C'est ainsi que Muti me réconfortait et me consolait, et je crois que c'est grâce à elle que je repris goût à la vie et que je me mis à écrire. Elle en fut ravie, car c'était une occupation pour moi, mais je crois qu'au fond de son cœur elle jugeait parfaitement inutile tout ce que j'écrivais. Elle me confectionnait d'excellents plats, car selon sa promesse elle avait forcé les gardes à travailler, ce qui leur rendait la vie amère, et ils pestaient contre Muti, mais ils n'osaient pas lui résister, car alors elle les couvrait d'injures, et sa langue était plus pointue que la corne d'un bœuf, et elle leur racontait sur le fameux petit objet des histoires qui leur faisaient baisser les yeux.
Mais d'autre part, Muti leur procurait du travail, ce qui en somme les empêchait de trouver le temps long, et elle leur offrait parfois un mets de choix ou elle leur donnait de la bière forte, et elle leur apprit à se préparer une nourriture variée et saine. Chaque année, avec la caravane de Pount, Kaptah nous envoyait de nombreuses charges d'ânes d'objets divers et il y faisait joindre des lettres dictées à ses scribes, pour nous raconter ce qui se passait à Thèbes, si bien que je ne vivais pas complètement dans un sac. Les gardes finirent par ne plus désirer retourner à Thèbes, car ils avaient une vie agréable et mes cadeaux les enrichissaient.
Mais à présent je suis las d'écrire et mes yeux sont fatigués. Les chats de Muti sautent sur mes genoux et se frottent à ma main. Et mon cœur est las de tout ce que j'ai raconté et mes membres aspirent au repos éternel. Je ne suis peut-être pas heureux, mais je ne suis pas non plus malheureux dans ma solitude.
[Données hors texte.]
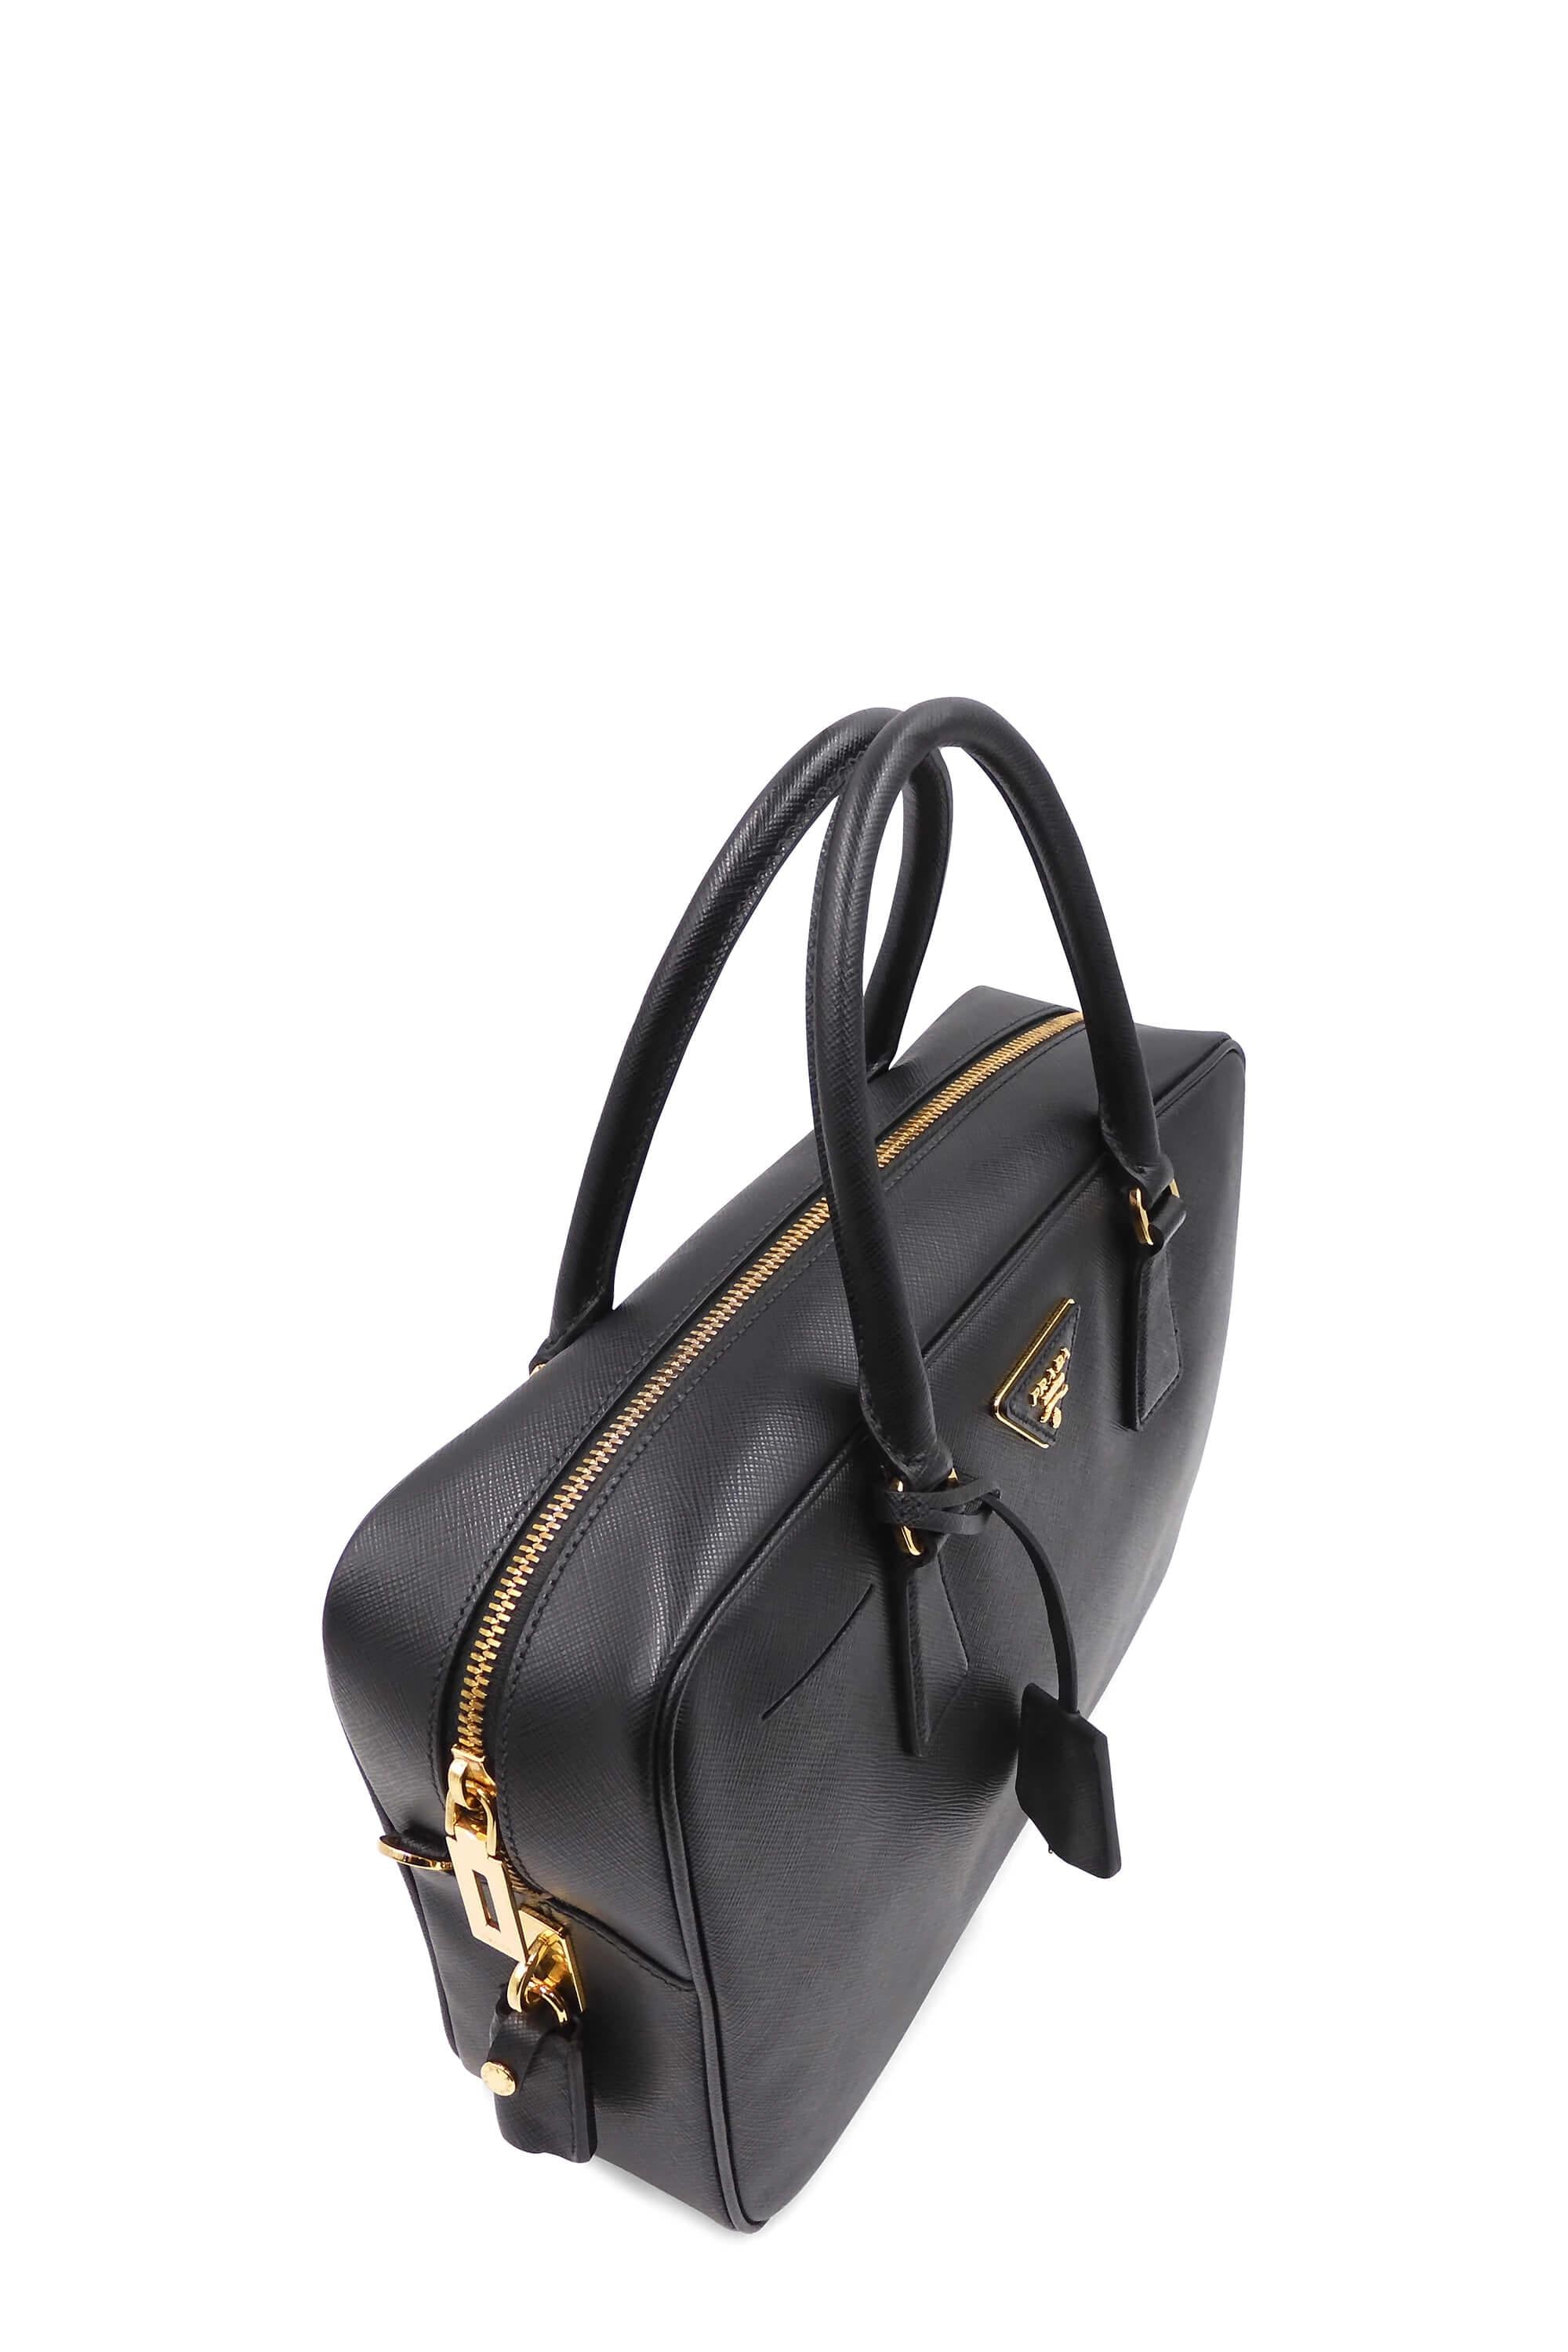 Prada Bauletto Bag Saffiano Leather Mini Black 4807012

Mais je bénis le papier et je bénis le style, car ils m'ont permis de me revoir enfant dans la maison de mon père Senmout. J'ai parcouru les routes de Babylonie avec Minea, et les beaux bras de Merit se sont passés à mon cou. J'ai pleuré avec les malheureux et j'ai distribué mon blé aux pauvres. Mais je me refuse à évoquer encore mes mauvaises actions et la tristesse de mes pertes.
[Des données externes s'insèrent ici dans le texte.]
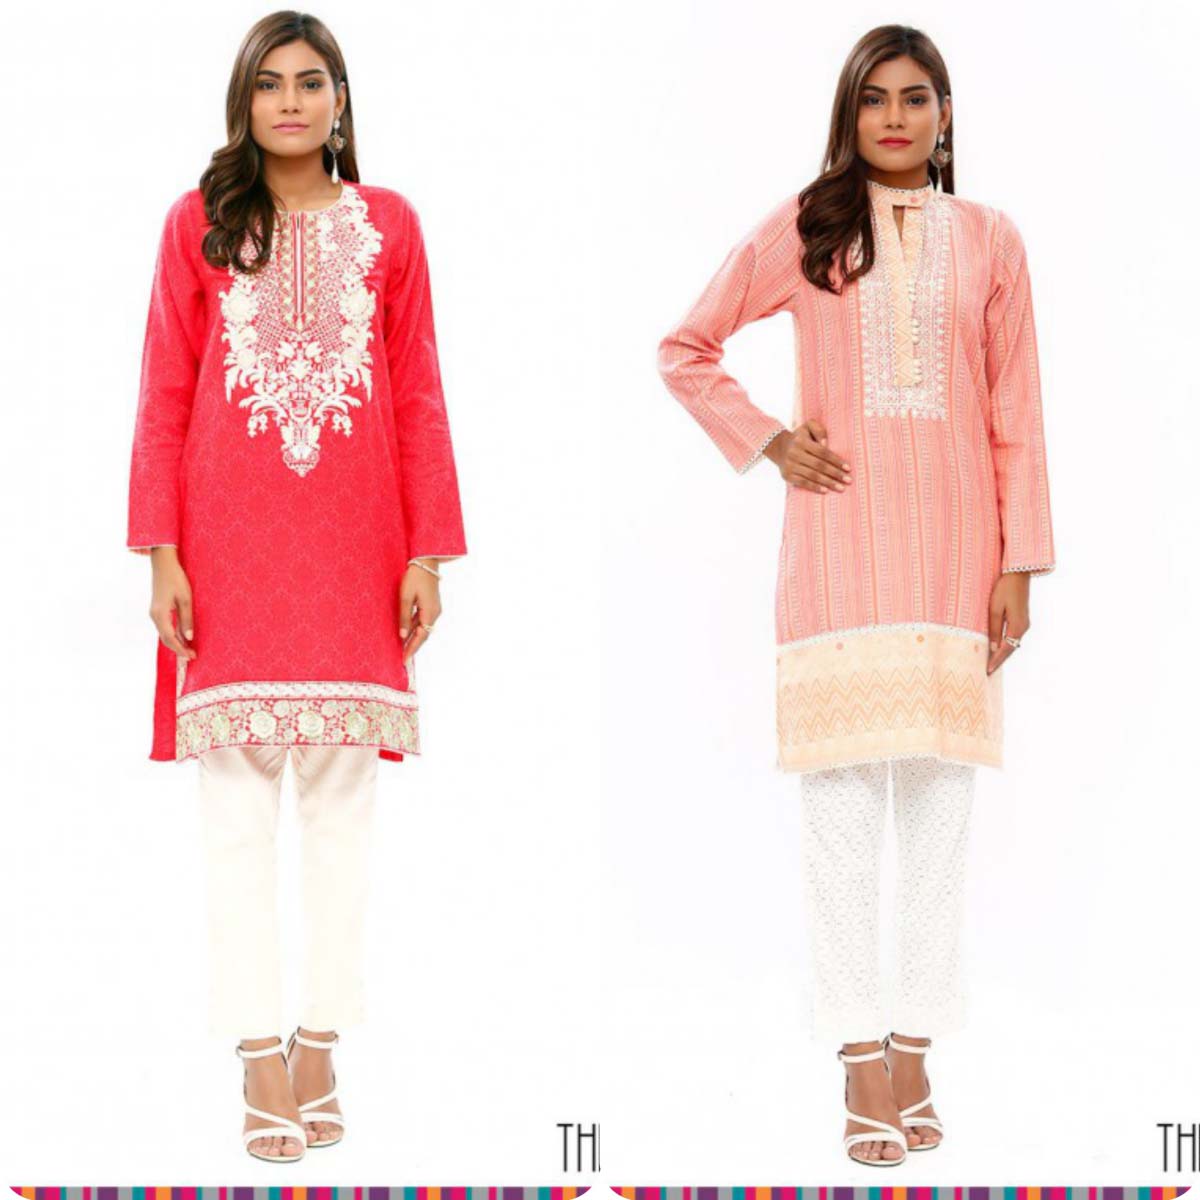 Stylish Embroidered Eid KurtisTunics for Girls By THREDZ 2016-2016 Complete Look-Book (1)

C'est moi, Sinouhé l'Egyptien, qui ai écrit tous ces livres pour moi-même. Pas pour les dieux ni pour les hommes, ni pour assurer l'éternité à mon nom, mais pour apaiser mon pauvre cœur qui a eu sa mesure comble. Je sais que les gardes détruiront à ma mort tout ce que j'ai écrit, ils démoliront les murs de ma maison sur l'ordre de Horemheb, et je ne sais si je suis fâché de cette perspective de disparition complète.
Mais je garde précieusement ces quinze livres et Muti a tissé pour chacun un solide étui de fibres de palme et je placerai ces étuis dans un coffret d'argent et ce coffret dans une solide boîte en bois dur qui sera mise dans une boîte de cuivre, comme jadis les livres divins de Thot furent enfermés dans une boîte et jetés dans le fleuve. Mais j'ignore si Muti réussira à soustraire la boîte aux gardes et à la placer dans ma tombe.
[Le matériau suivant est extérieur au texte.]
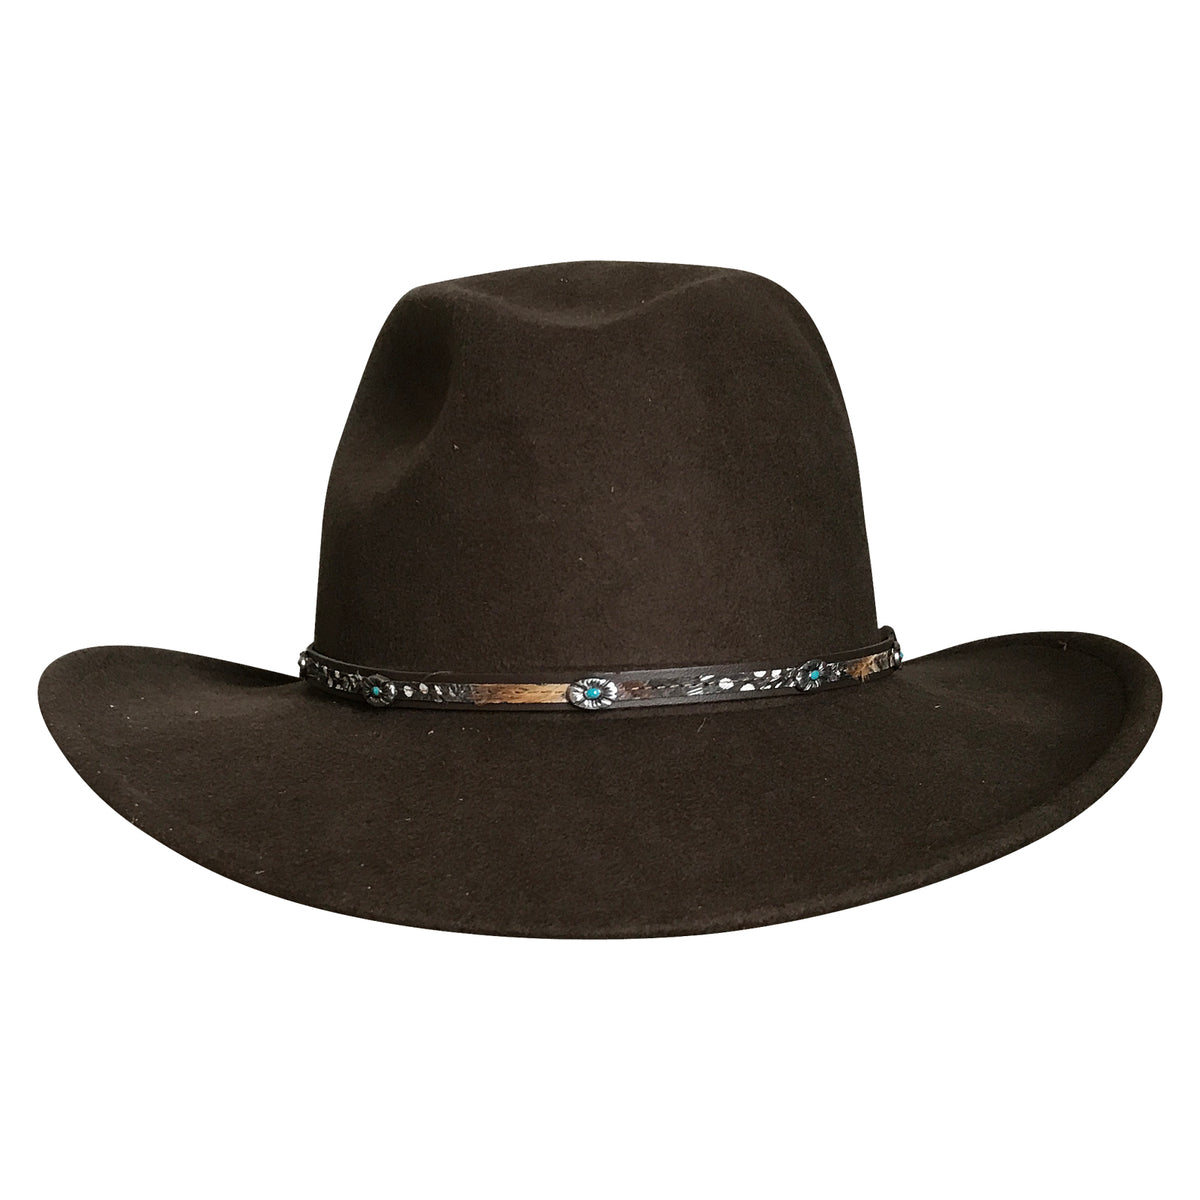 Crushable Brown Felt Denver Western Cowboy Hat - Rockmount

Car moi, Sinouhé, je suis un homme et comme tel j'ai vécu dans chaque homme qui a existé avant moi et je revivrai dans chaque homme qui viendra après moi. Je vivrai dans les rires et les pleurs de l'homme, dans ses chagrins et ses craintes, dans sa bonté et sa méchanceté, dans sa faiblesse et sa force. Comme homme, je vivrai éternellement dans l'homme et pour cette raison je n'ai pas besoin d'offrandes sur ma tombe ni d'immortalité pour mon nom. Voilà ce qu'a écrit Sinouhé l'Egyptien, qui vécut solitaire tous les jours de sa vie.